S2: Studies do take a very long time. I mean , as Doctor Lacroix mentioned , you know , the Women's Health Initiative was starting in the early 90s , and here we are decades later , still in contact with a lot of these women , you know , to find out whether a certain behavior or a therapy or something might , you know , relate to longer life or better health. You really have to follow them for that period of time. And look at these , you know , specific health outcomes like mortality. Mhm.

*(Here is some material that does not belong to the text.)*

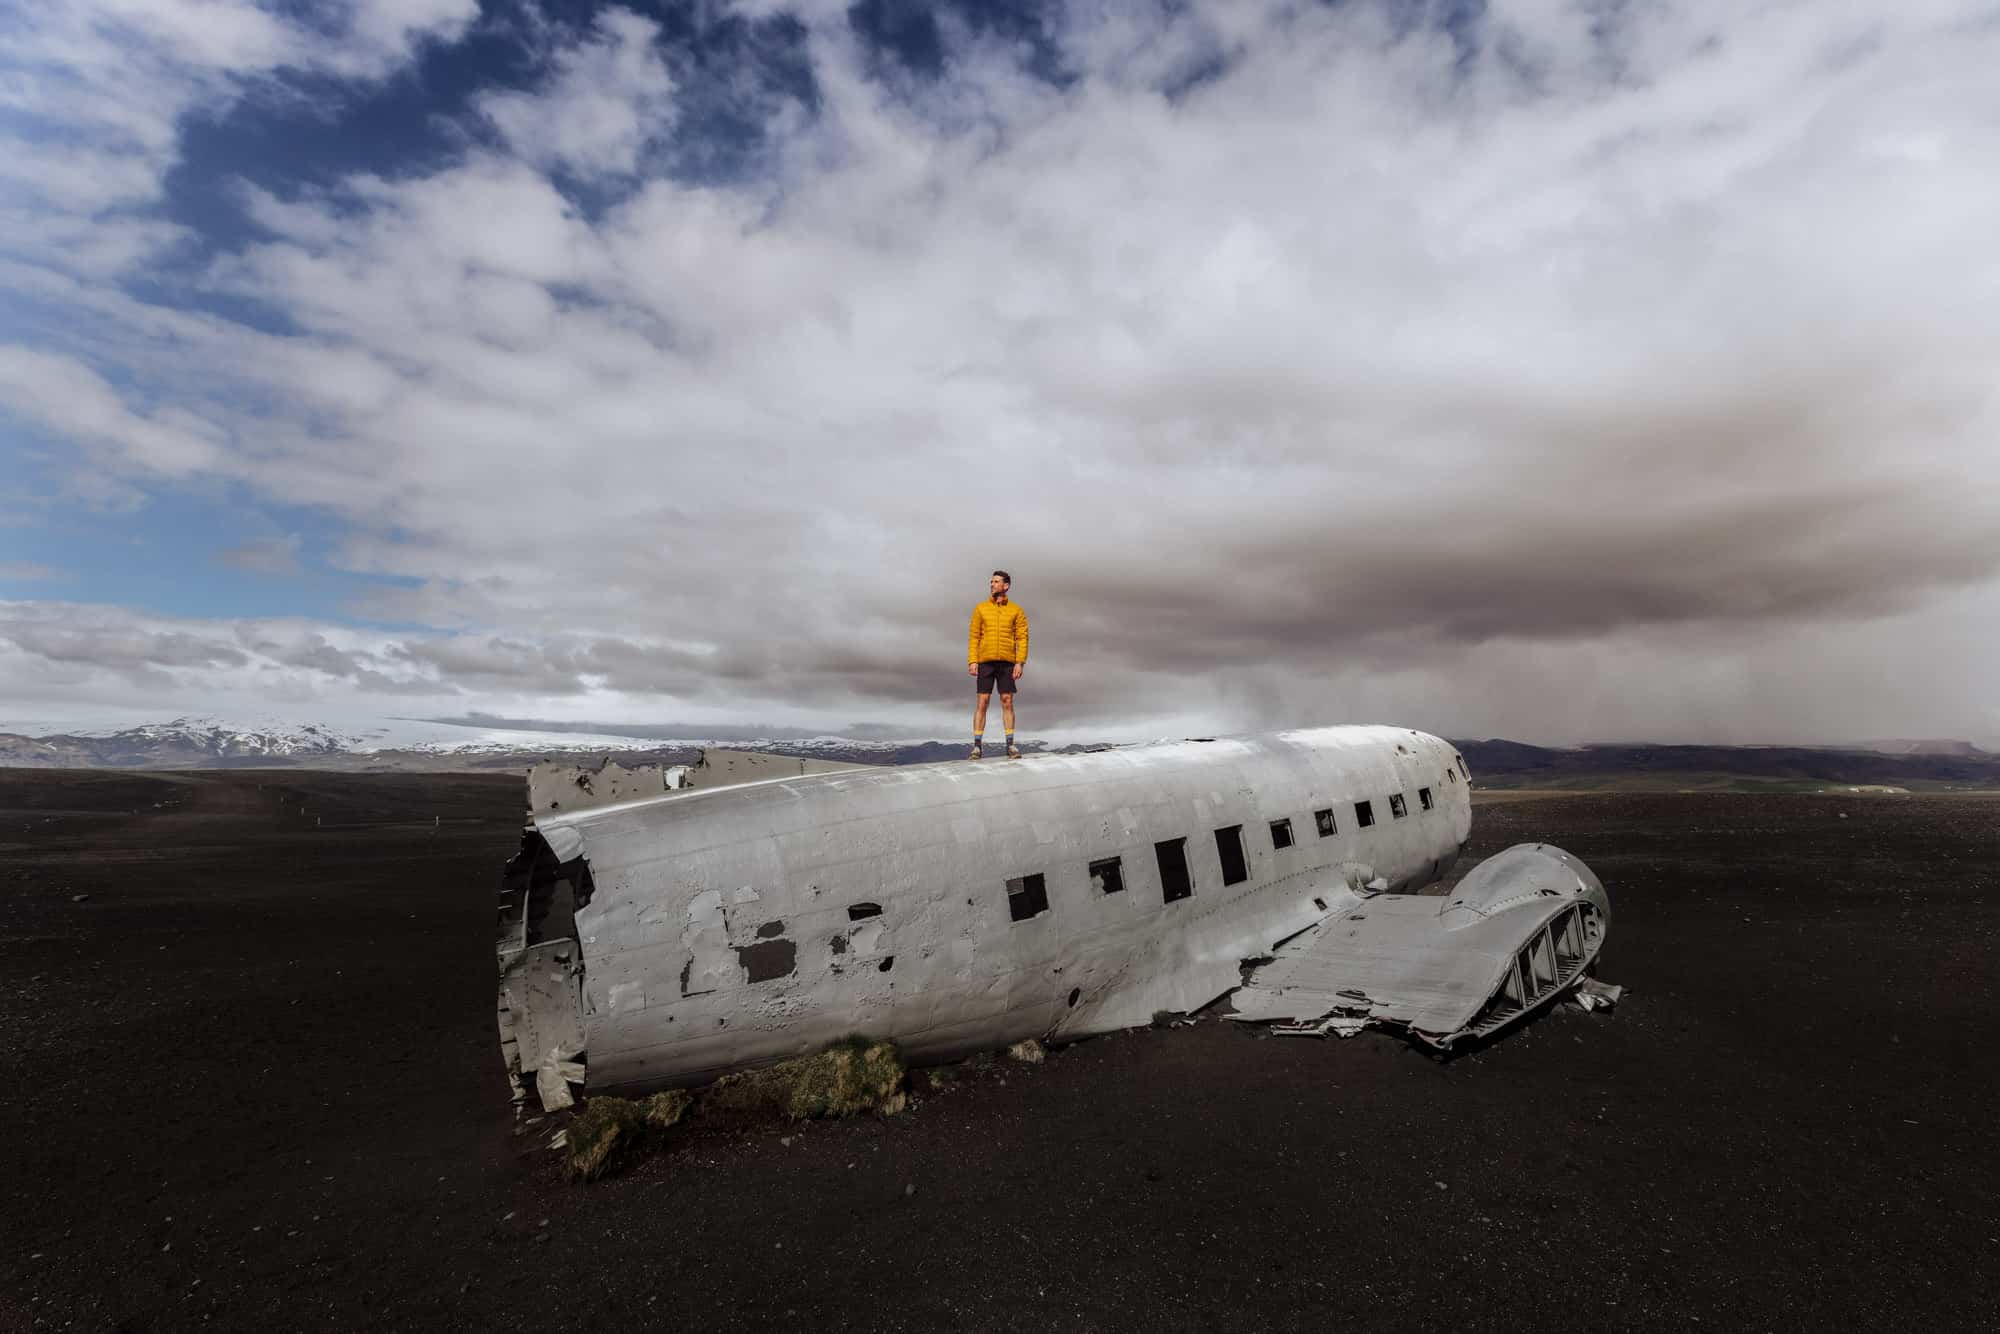 Jared Dillingham at the ICELAND PLANE WRECK

S1: I mean , but what does constant movement do for us. Sure.

S2: Sure. So while we're moving our muscles are contracting , our muscles are taking up glucose. So we've got certain benefits to our metabolism there. You know certainly when we're standing up our blood flow is a little bit better. You know blood's not pulling around. It's fighting the force of gravity. And so while we're sitting , you know , our muscles are not contracting , our muscles are not taking up glucose. And that has consequences for metabolism. You know , our blood flow is also impaired while we're sitting. And so all of these things can sort of have negative effects on our metabolisms and lead to certain conditions , including diabetes and hypertension and heart disease , which from there increase our risk of death.

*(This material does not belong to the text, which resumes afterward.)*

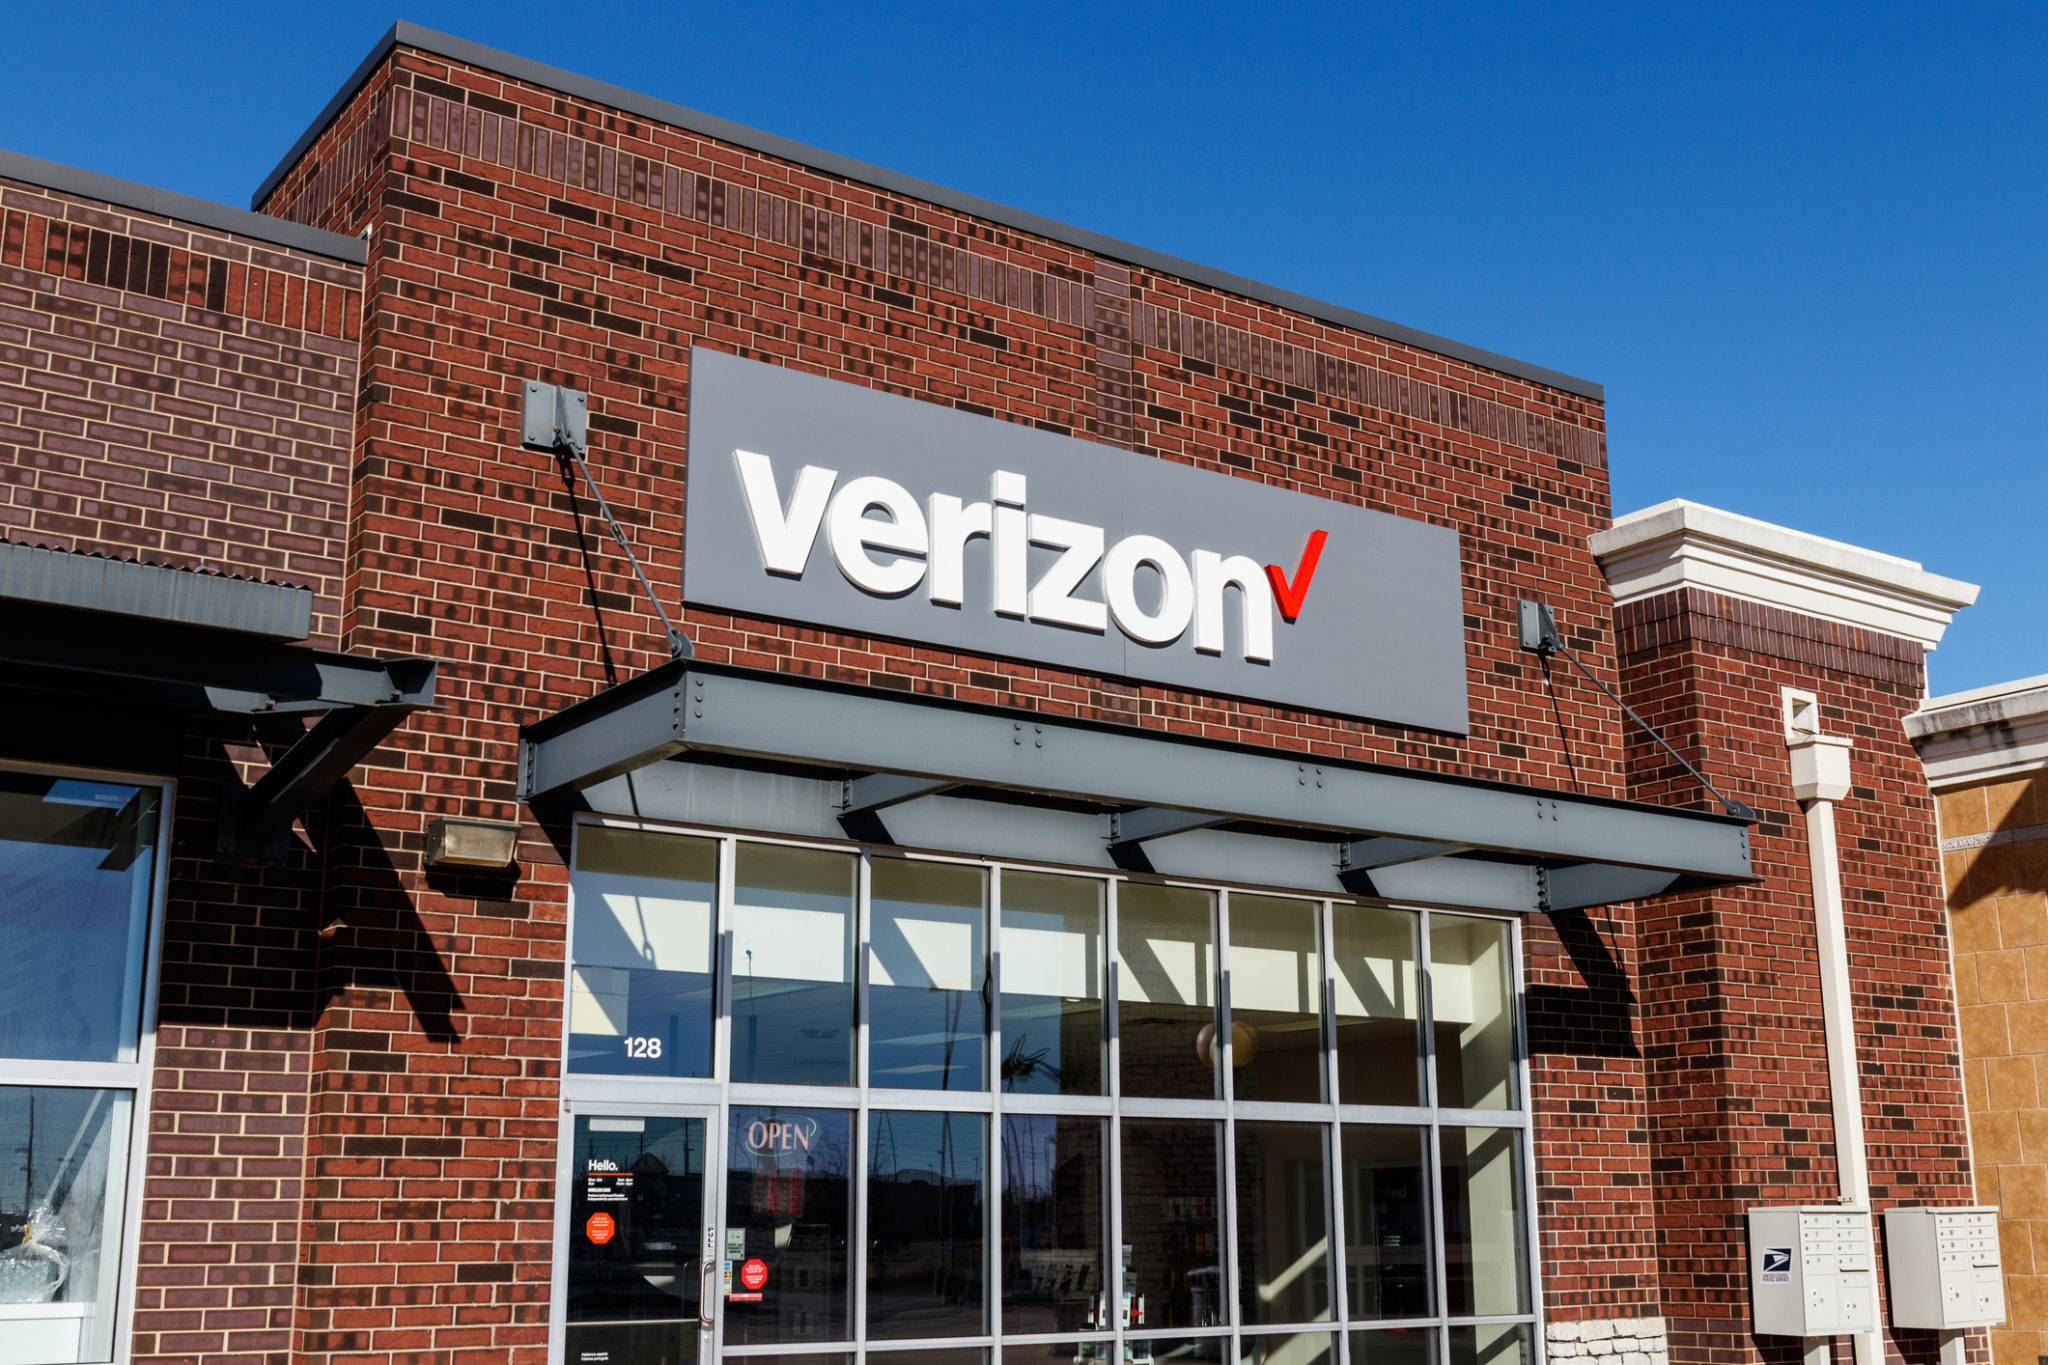 Verizon Fios Lost 67,000 TV Customers in The 3rd Quarter of 2019

S1: Now it just creates dysfunction in your body is not working as it should be when you're just sitting all the time. Exactly. All right. Well , I think you you found that the negative effects of sitting long were present , even for people who were active and exercised. So tell me about that.

S2: This was one of the noteworthy findings of this study. You know , it didn't matter whether , you know , women had sort of high , you know , even moderate to vigorous intensity physical activity or low amounts. There was always a higher risk of death that traveled with higher sitting. Hmm.

S4: Hmm.

S1:

S2: You know , you don't have to get up and go run , although certainly encouraged. But you can kind of just stand up and stretch out a little bit and maybe kind of walk around , you know , your home or maybe go outside for a few minutes and come back in and.

S4: Then , okay.

S1:

S3: And it's not really constant motion that you have to aspire to just , you know , if you're if you're watching TV or , or doing a project , any kind of natural break , take the opportunity to , to get up and and move around a bit. And you know , I , I'm in this age group now. I am guilty of sitting too long. But one of the interesting things that you said , Steve , is that the comparison group , the women who sat the least , sat less than about nine hours.

S2: That gives.

S3: You a lot of time to sit when you think about. It.

S4: It.

S1: When I think about it , nine hours and 20 , about.

S2: Nine hours , 20.

S1: Minutes , nine hours , 20 minutes , eight of those hours. I'm sleep. Right. Oh , this.

S2: Is during a wake. So we we.

S1: Took our sleep time. Yeah.

S2: This is this is while you're awake. Okay.

S1: Thank you for clarifying that. Yeah , yeah. Because to me that's really important.

S2: That is super important to know.

S5: Yeah yeah yeah. Okay.

S1: Okay. Yeah. I mean , you know , when you , when you , um , looked at these findings , did , did you think , you know , there ought to be cultural change , um , here , a different way of living in society.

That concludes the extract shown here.